Psychological and medical time series: GNN-based EMA proxies employing dynamic, learned graph structures outperform LSTM baselines in predictive accuracy, individually refining variable dependencies for each person's EMA sequence (2403.19442).
Optimization with min-max games and adversarial training: Omega and related methods replace or augment the traditional extragradient scheme with EMA-smoothed gradients, achieving better stability and convergence properties in stochastic regimes (2306.07905).

These patterns indicate the breadth and depth of dynamic EMA proxies as essential, adaptive, and theoretically sound tools for modern statistical learning under nonstationarity, noise, and resource constraints.

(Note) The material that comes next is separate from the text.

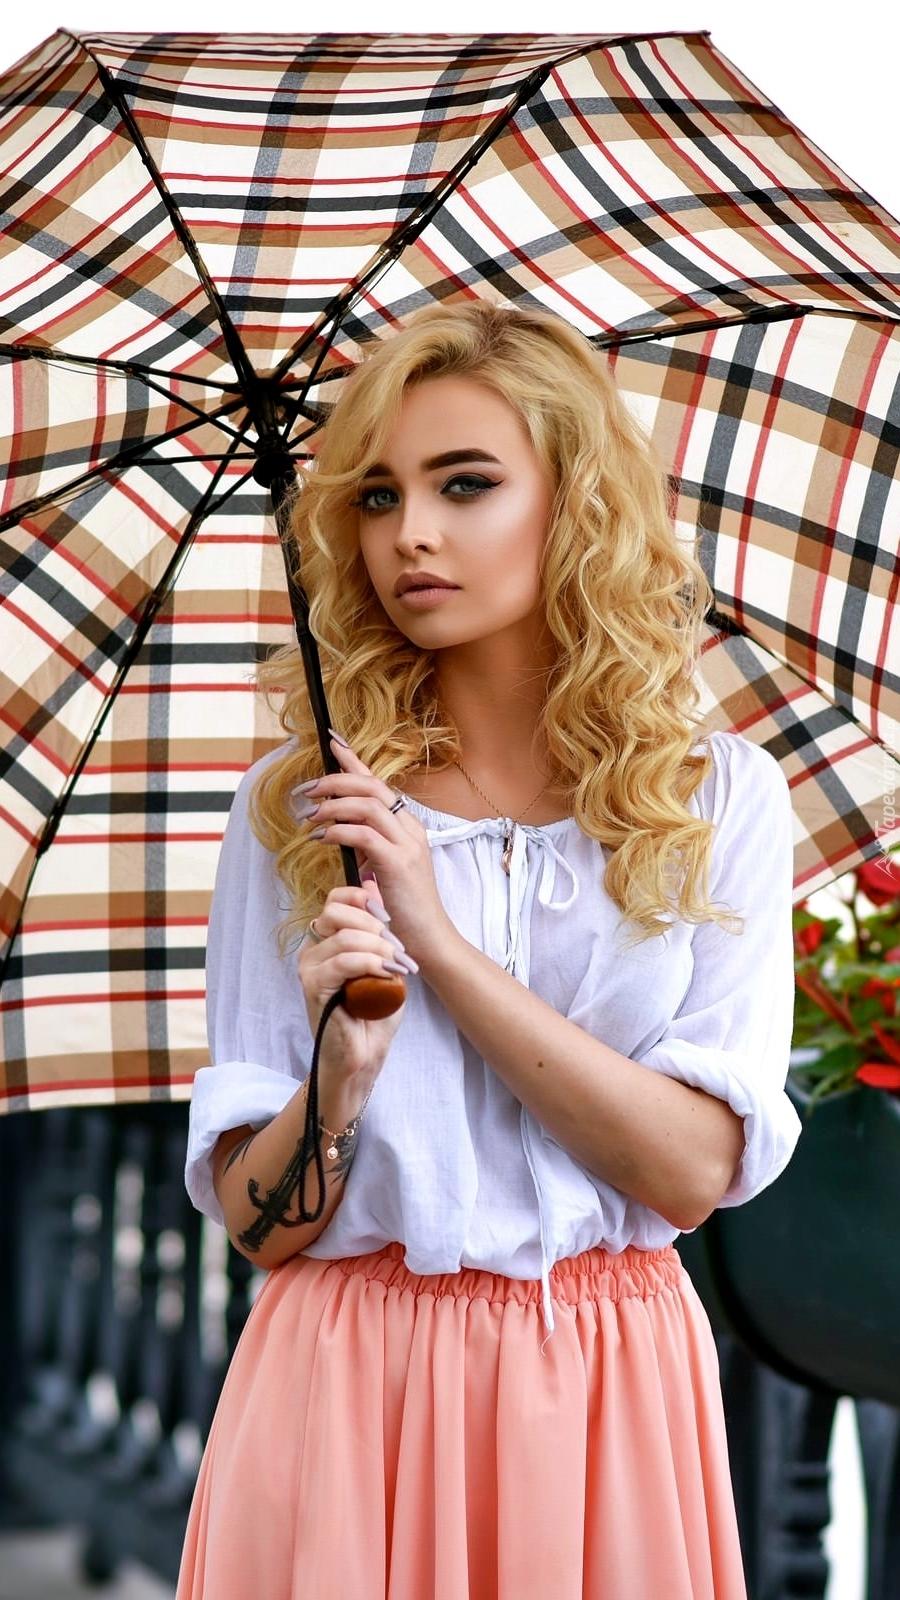 Blondynka z parasolką

Summary Table: Dynamic EMA Proxy Variants

Variant / Setting	Distinguishing Property	Benefit
$p$ -EMA (2505.10605)	Subharmonic-decay weighting, $p > 0.5$	Almost sure convergence, stronger denoising
BELAY / Oscillator (2310.13854)	2-way coupled EMA-model dynamics	Adaptive stability, parameter schedule invariance
Switch EMA (2402.09240)	Epochic EMA-to-model injection	Enhances optimization via prospected flatness/sharpness
Multi-timescale EMA (ELC etc.)	Linear combinations of EMAs	Tracks slow and fast process trends simultaneously
Graph-structured EMA (2403.19442)	Dynamically learned graph adjacency for MTS	Personalized, adaptive forecast, interpretable proxies
Federated EMA proxies (2301.10114)	Local and global EMA teacher switching	Privacy, robustness in decentralized semi-supervision

Conclusion

Dynamic EMA proxies encompass a broad set of theoretical advances, architectural innovations, and practical techniques in computational statistics and machine learning. By introducing adaptivity—whether in EMA decay, coupling, role, or timescale—the dynamic proxy framework ensures responsive, robust, and convergent prediction or optimization in challenging domains where the underlying data distribution, noise profile, or resource constraints vary across time and environments.